Disney’s Acquisition of Playdom Is Another Symbolic Moment in the Evolution of Social Gaming

If you had told developers during the time of the earliest generation of social games on the Facebook Platform – games like Vampires and Zombies, circa mid 2007 – that The Walt Disney Company would be acquiring an app developer for somewhere between $550 – $750 million three years later, most would have been very skeptical, if not incredulous.

But Disney’s acquisition of large social game developer and publisher Playdom yesterday marks another symbolic moment in the evolution of social gaming on Facebook (and MySpace, where Playdom invested early and has had success). Following EA’s acquisition of Playfish last November, Disney is the first media giant to pull the social gaming acquisition trigger in a big way.

It wasn’t that long ago that social games and apps were thought of as just another vast repository of low quality advertising inventory – if not worse. But Disney’s acquisition of Playdom, even more so than EA’s acquisition of Playfish (given Disney’s breadth of brands and media interests, and how careful they are with protecting their IP portfolio from potentially scarring issues), will now validate the virtual goods model to many media executives and investors who were hesitant to believe that something as trivial as inviting your friend to mop your restaurant might be a promising way to build a business on the internet.

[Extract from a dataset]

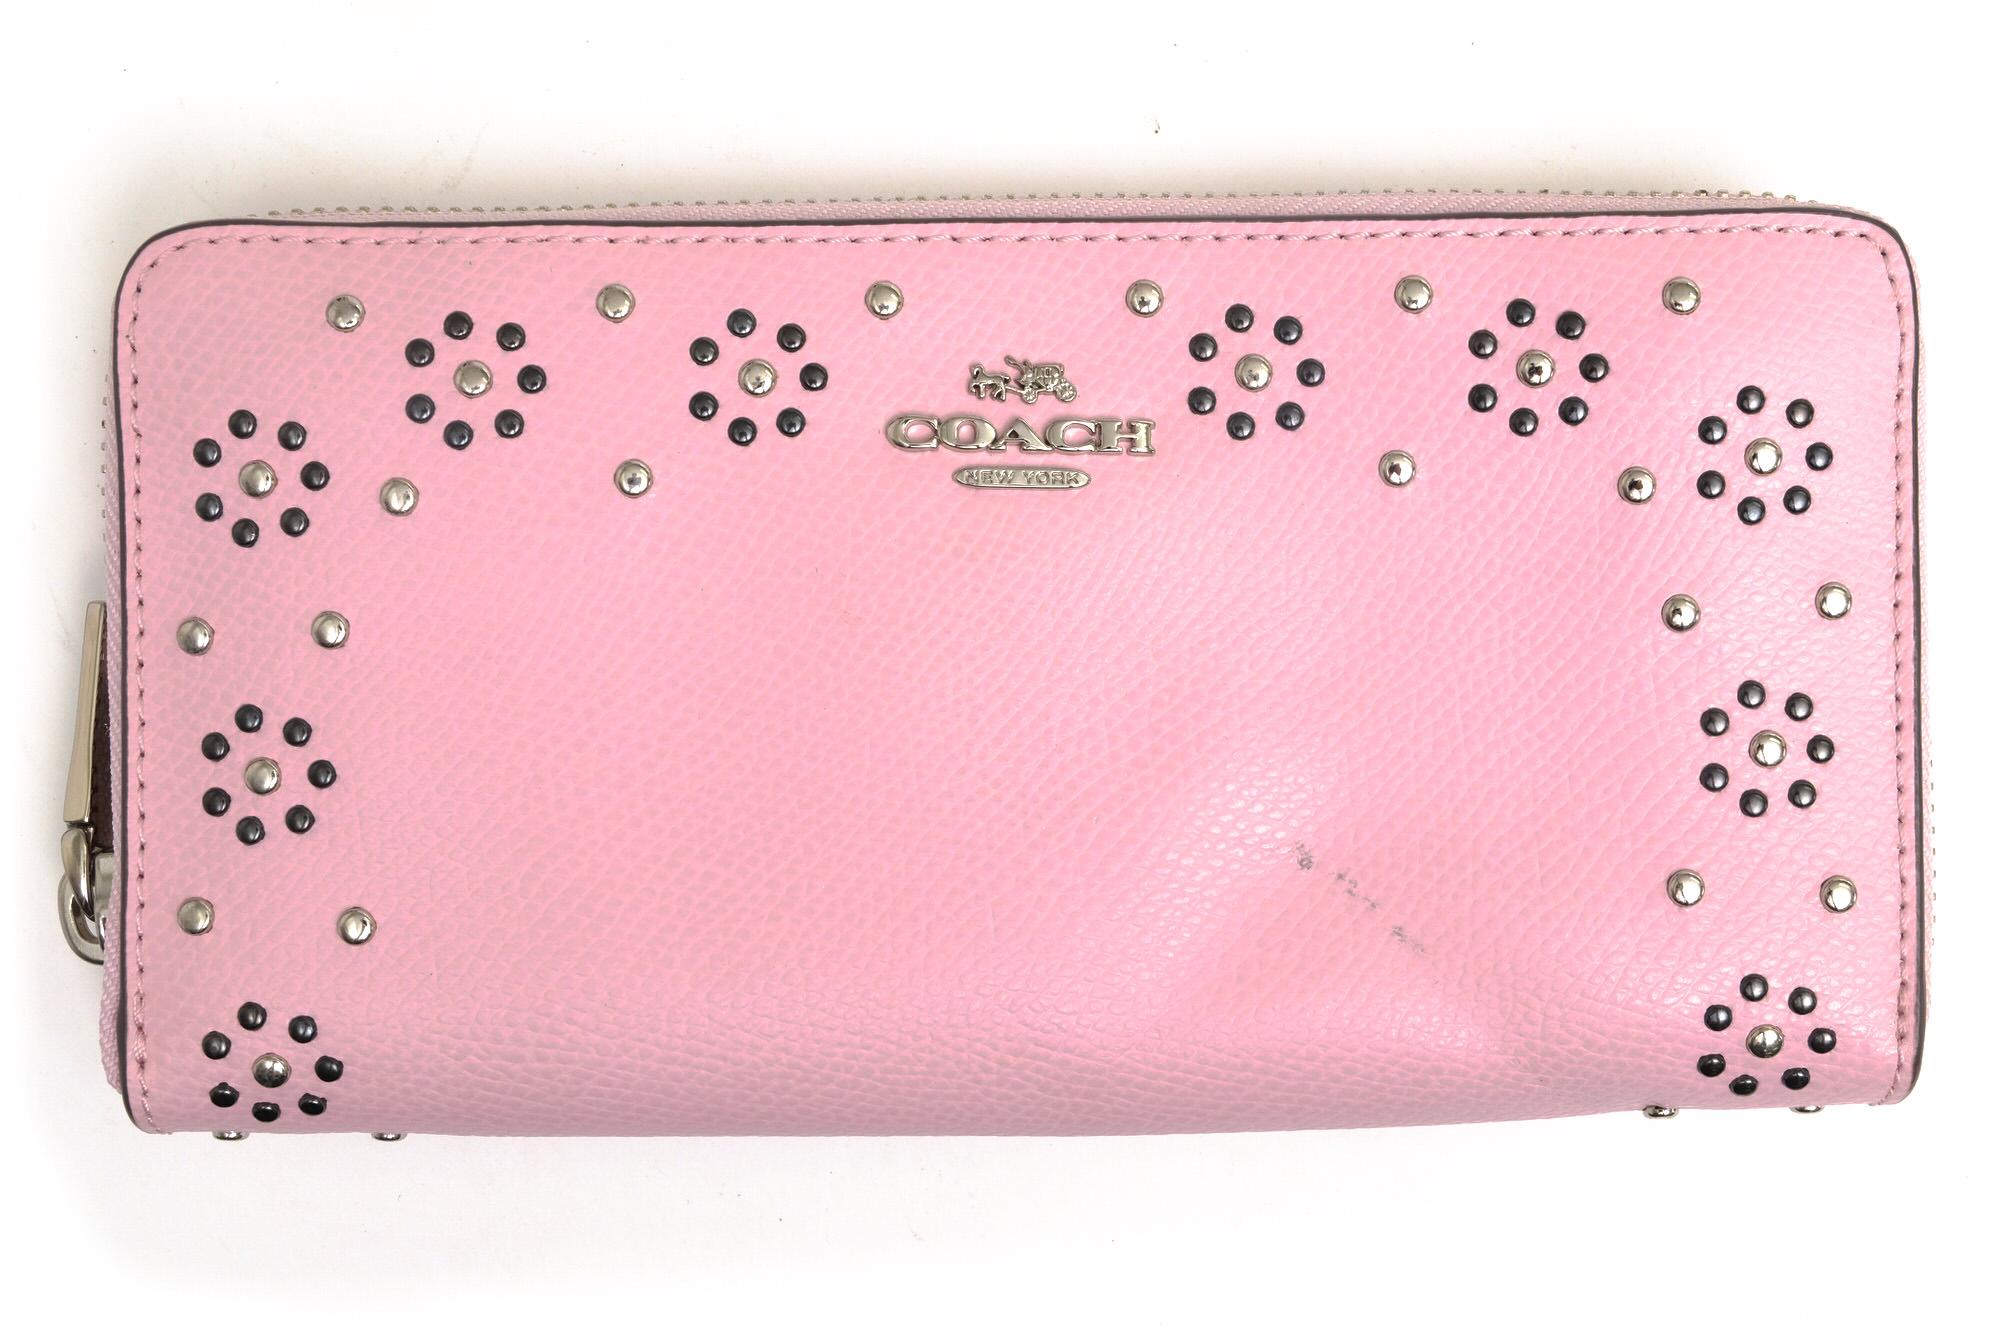 brand new 9e9eb f45a8 コーチ / COACH 長財布 レディース ピンク

As social gaming has become increasingly mass-market throughout the west and – this year – increasingly popular in the east as well, media companies like Disney are betting on the idea that new brands and IP can only take you so far; existing IP will become increasingly important in separating from the pack of developers vying for consumer attention, especially as customer acquisition costs increase.

We continue to hear of many social game developers and media companies interested in talking more with one another. If anything, we’ve been seeing that developers are getting more eager to have conversations than was the case six to nine months ago, but the number of potential acquirers sniffing around has also been increasing throughout the year as well.

Overall, we continue to expect to see more M&A activity in the space over the coming months. There are a lot of companies who are now confident enough that virtual goods inside games on social networks will be sustainable and are trying to figure out what exactly their move will be.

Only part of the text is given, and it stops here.